_Exercise brief_
Each line below should be set down again unchanged.

_Information supplied_

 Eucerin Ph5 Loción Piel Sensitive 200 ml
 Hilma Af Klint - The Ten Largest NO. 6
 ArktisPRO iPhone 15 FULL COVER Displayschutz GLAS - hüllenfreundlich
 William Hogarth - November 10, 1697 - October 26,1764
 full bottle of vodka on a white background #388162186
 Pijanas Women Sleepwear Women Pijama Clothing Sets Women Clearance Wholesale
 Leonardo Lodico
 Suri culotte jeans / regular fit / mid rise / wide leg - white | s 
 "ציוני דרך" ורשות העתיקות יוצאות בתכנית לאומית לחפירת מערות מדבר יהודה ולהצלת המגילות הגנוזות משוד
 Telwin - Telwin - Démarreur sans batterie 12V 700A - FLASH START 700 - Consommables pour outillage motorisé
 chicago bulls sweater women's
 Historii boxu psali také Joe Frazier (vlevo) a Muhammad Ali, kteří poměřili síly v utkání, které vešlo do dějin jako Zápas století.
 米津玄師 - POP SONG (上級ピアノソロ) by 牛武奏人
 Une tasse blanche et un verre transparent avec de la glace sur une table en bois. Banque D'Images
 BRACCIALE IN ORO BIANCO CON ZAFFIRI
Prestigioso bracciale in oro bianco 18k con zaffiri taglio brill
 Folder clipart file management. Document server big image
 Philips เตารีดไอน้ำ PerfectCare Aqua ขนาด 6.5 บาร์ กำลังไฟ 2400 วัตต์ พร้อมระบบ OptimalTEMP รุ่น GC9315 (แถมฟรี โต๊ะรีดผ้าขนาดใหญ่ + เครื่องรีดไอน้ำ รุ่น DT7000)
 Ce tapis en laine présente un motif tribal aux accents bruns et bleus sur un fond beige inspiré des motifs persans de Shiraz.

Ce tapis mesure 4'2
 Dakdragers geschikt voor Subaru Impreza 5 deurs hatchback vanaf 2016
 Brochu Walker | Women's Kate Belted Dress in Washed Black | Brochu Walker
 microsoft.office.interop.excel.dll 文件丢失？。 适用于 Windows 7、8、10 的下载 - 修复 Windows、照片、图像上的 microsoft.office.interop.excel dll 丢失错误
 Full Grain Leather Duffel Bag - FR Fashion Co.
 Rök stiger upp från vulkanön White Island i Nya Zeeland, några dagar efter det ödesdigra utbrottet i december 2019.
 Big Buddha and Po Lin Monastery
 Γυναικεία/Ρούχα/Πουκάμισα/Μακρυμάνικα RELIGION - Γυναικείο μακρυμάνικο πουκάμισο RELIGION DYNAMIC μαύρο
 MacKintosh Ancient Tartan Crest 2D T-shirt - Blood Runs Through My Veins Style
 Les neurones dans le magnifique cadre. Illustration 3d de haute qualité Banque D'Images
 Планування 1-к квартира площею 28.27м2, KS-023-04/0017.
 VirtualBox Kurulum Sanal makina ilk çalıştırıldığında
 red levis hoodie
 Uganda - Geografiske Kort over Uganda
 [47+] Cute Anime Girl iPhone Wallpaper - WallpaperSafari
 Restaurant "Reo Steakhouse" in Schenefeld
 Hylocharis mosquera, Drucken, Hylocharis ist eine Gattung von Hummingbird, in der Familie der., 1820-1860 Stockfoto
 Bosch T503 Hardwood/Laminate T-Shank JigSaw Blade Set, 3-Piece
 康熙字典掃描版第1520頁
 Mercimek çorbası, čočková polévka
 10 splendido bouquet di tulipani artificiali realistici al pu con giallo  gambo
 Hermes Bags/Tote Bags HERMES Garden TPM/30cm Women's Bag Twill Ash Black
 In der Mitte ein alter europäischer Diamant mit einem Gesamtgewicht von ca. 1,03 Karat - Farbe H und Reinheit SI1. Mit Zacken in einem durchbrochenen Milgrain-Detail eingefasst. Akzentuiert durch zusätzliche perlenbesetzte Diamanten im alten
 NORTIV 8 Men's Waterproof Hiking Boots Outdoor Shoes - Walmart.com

_Response to this task_
 Eucerin Ph5 Loción Piel Sensitive 200 ml
 Hilma Af Klint - The Ten Largest NO. 6
 ArktisPRO iPhone 15 FULL COVER Displayschutz GLAS - hüllenfreundlich
 William Hogarth - November 10, 1697 - October 26,1764
 full bottle of vodka on a white background #388162186
 Pijanas Women Sleepwear Women Pijama Clothing Sets Women Clearance Wholesale
 Leonardo Lodico
 Suri culotte jeans / regular fit / mid rise / wide leg - white | s 
 "ציוני דרך" ורשות העתיקות יוצאות בתכנית לאומית לחפירת מערות מדבר יהודה ולהצלת המגילות הגנוזות משוד
 Telwin - Telwin - Démarreur sans batterie 12V 700A - FLASH START 700 - Consommables pour outillage motorisé
 chicago bulls sweater women's
 Historii boxu psali také Joe Frazier (vlevo) a Muhammad Ali, kteří poměřili síly v utkání, které vešlo do dějin jako Zápas století.
 米津玄師 - POP SONG (上級ピアノソロ) by 牛武奏人
 Une tasse blanche et un verre transparent avec de la glace sur une table en bois. Banque D'Images
 BRACCIALE IN ORO BIANCO CON ZAFFIRI
Prestigioso bracciale in oro bianco 18k con zaffiri taglio brill
 Folder clipart file management. Document server big image
 Philips เตารีดไอน้ำ PerfectCare Aqua ขนาด 6.5 บาร์ กำลังไฟ 2400 วัตต์ พร้อมระบบ OptimalTEMP รุ่น GC9315 (แถมฟรี โต๊ะรีดผ้าขนาดใหญ่ + เครื่องรีดไอน้ำ รุ่น DT7000)
 Ce tapis en laine présente un motif tribal aux accents bruns et bleus sur un fond beige inspiré des motifs persans de Shiraz.

Ce tapis mesure 4'2
 Dakdragers geschikt voor Subaru Impreza 5 deurs hatchback vanaf 2016
 Brochu Walker | Women's Kate Belted Dress in Washed Black | Brochu Walker
 microsoft.office.interop.excel.dll 文件丢失？。 适用于 Windows 7、8、10 的下载 - 修复 Windows、照片、图像上的 microsoft.office.interop.excel dll 丢失错误
 Full Grain Leather Duffel Bag - FR Fashion Co.
 Rök stiger upp från vulkanön White Island i Nya Zeeland, några dagar efter det ödesdigra utbrottet i december 2019.
 Big Buddha and Po Lin Monastery
 Γυναικεία/Ρούχα/Πουκάμισα/Μακρυμάνικα RELIGION - Γυναικείο μακρυμάνικο πουκάμισο RELIGION DYNAMIC μαύρο
 MacKintosh Ancient Tartan Crest 2D T-shirt - Blood Runs Through My Veins Style
 Les neurones dans le magnifique cadre. Illustration 3d de haute qualité Banque D'Images
 Планування 1-к квартира площею 28.27м2, KS-023-04/0017.
 VirtualBox Kurulum Sanal makina ilk çalıştırıldığında
 red levis hoodie
 Uganda - Geografiske Kort over Uganda
 [47+] Cute Anime Girl iPhone Wallpaper - WallpaperSafari
 Restaurant "Reo Steakhouse" in Schenefeld
 Hylocharis mosquera, Drucken, Hylocharis ist eine Gattung von Hummingbird, in der Familie der., 1820-1860 Stockfoto
 Bosch T503 Hardwood/Laminate T-Shank JigSaw Blade Set, 3-Piece
 康熙字典掃描版第1520頁
 Mercimek çorbası, čočková polévka
 10 splendido bouquet di tulipani artificiali realistici al pu con giallo  gambo
 Hermes Bags/Tote Bags HERMES Garden TPM/30cm Women's Bag Twill Ash Black
 In der Mitte ein alter europäischer Diamant mit einem Gesamtgewicht von ca. 1,03 Karat - Farbe H und Reinheit SI1. Mit Zacken in einem durchbrochenen Milgrain-Detail eingefasst. Akzentuiert durch zusätzliche perlenbesetzte Diamanten im alten
 NORTIV 8 Men's Waterproof Hiking Boots Outdoor Shoes - Walmart.com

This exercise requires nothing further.